> _PROBLEM TO SOLVE_:
Every line in the records below between the one holding "etnografici a Sassari" and the one holding "zakresie pozamilitamych przygotowań", inclusive, is to be set down exactly; all other lines are to be left out.
═══ INPUT
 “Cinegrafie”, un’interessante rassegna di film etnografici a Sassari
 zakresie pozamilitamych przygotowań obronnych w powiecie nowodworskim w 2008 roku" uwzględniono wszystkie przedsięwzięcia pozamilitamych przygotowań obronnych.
══════
═══ INPUT
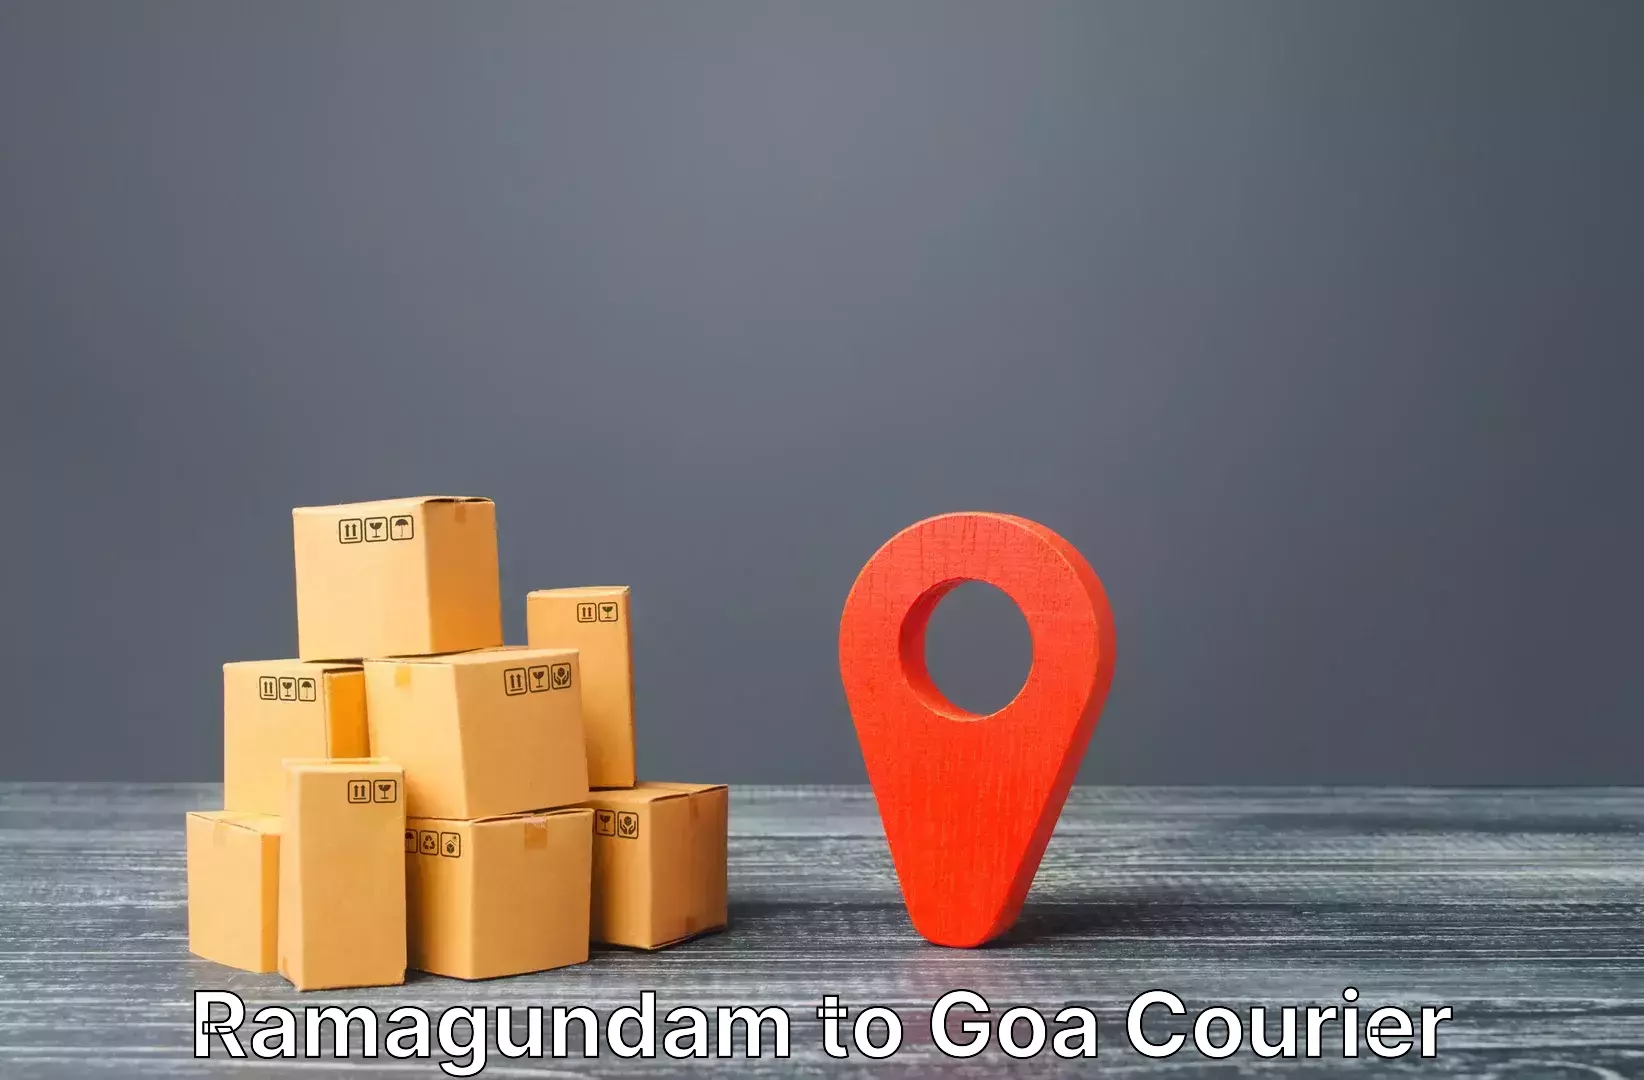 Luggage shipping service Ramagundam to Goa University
══════
> _ANSWER SPACE_:
 “Cinegrafie”, un’interessante rassegna di film etnografici a Sassari
 zakresie pozamilitamych przygotowań obronnych w powiecie nowodworskim w 2008 roku" uwzględniono wszystkie przedsięwzięcia pozamilitamych przygotowań obronnych.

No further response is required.